Given the cost-of-living crisis, given the car crash premiership of Boris Johnson, given the civil war raging in the Conservative party, Labour should be out of sight in the polls and looking a certainty to win the next election.

The best that can be said is that Labour is in with a shout of winning. The normal rules of the electoral cycle favour a swing back to the government as an election approaches.

So, with everything that is going on, why is Labour not further ahead?

I believe the answer to that question lies in the utter lack of vision from Labour’s leader.

Labour should own the solutions to the current crisis, they don’t. They seem paralysed in policy and strategy terms, almost as if they think victory lies in the incompetence of their opponents.

It is almost as if Starmer has taken a leaf out of Tony Blair’s book by believing that distancing yourself from the unions plays well in the country and particularly with a middle England perennially in a state of angst that a Labour government might be too extreme.

You only win elections when a leader and their party seal the deal with voters and that means having policies that address the needs of the country.

Even New Labour, paranoid at pledging the undeliverable or the unaffordable made modest policy pledges that chimed with the mood of the times.

Blair and Brown had that famous pledge card signalling a contract with the voters in the battle to cut unemployment and promote skills for young people.
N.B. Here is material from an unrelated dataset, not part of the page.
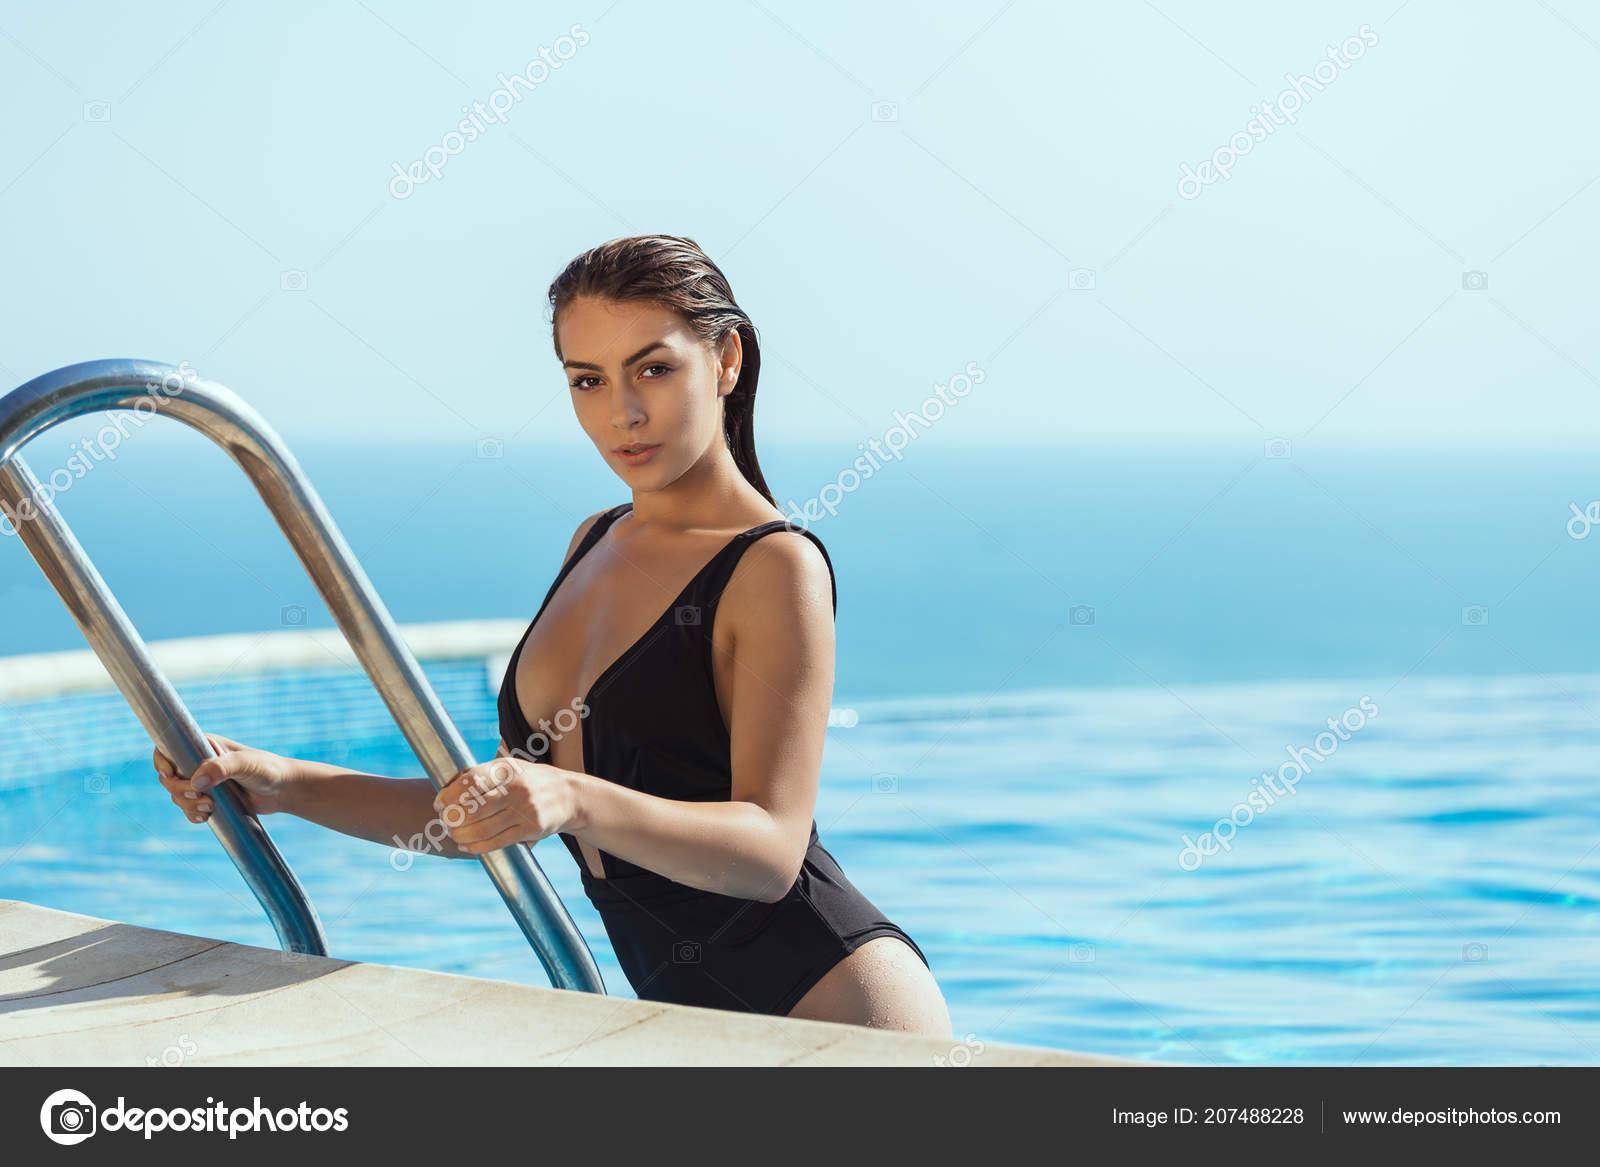 fotky nahé dívky dívky bazénu

Labour badly needs a pledge card with firm guarantees to deal with the current crisis in household budgets.

People may want a change, but they won’t vote for a party whose main argument appears to rest almost solely on the incompetence of the Conservatives.

Now Starmer may have an eye on a long game, making pledges nearer the election and not giving what he would regard as hostages to fortune by having his shadow cabinet standing on picket lines.

All of what he does appears underscored by an innate conservatism. If he thinks the current national malaise will carry him to Downing Street merely because voters will be desperate for a change, then he is wrong.

There is I think a general mood for change and a desperate will for it in traditional Labour areas. But to turn a mood into votes, you have to be clear about the nature of the change you are offering.

Either Liz Truss or Rishi Sunak will be the next Prime Minister.UK GovernmentHM Treasury

Now, for different reasons, I believe that Liz Truss and Rishi Sunak are prime ministerial disasters waiting to happen. He has no political judgement, as he has ably demonstrated during his time as Chancellor, and she is shallow and wooden.

For all that, as an election approaches the Tories will abandon their reckless streak and pull together out of self-interest.

Pointing a finger at the new PM and saying, ‘look, I’m more competent’ does not make a winning platform and, what’s more, it won’t lead Starmer to victory.

The Conservatives will continue with the union militancy card in the coming months because the truth is it is all they have.

That’s a misjudgement on their part because workers who are not in unions and who are not overtly political feel exactly the same way as those thinking about striking.

There is a national mood rooted in worry and anger. If Starmer can’t give hope to reverse that mood, then his conservative approach to the business of politics might just keep the Conservatives in power.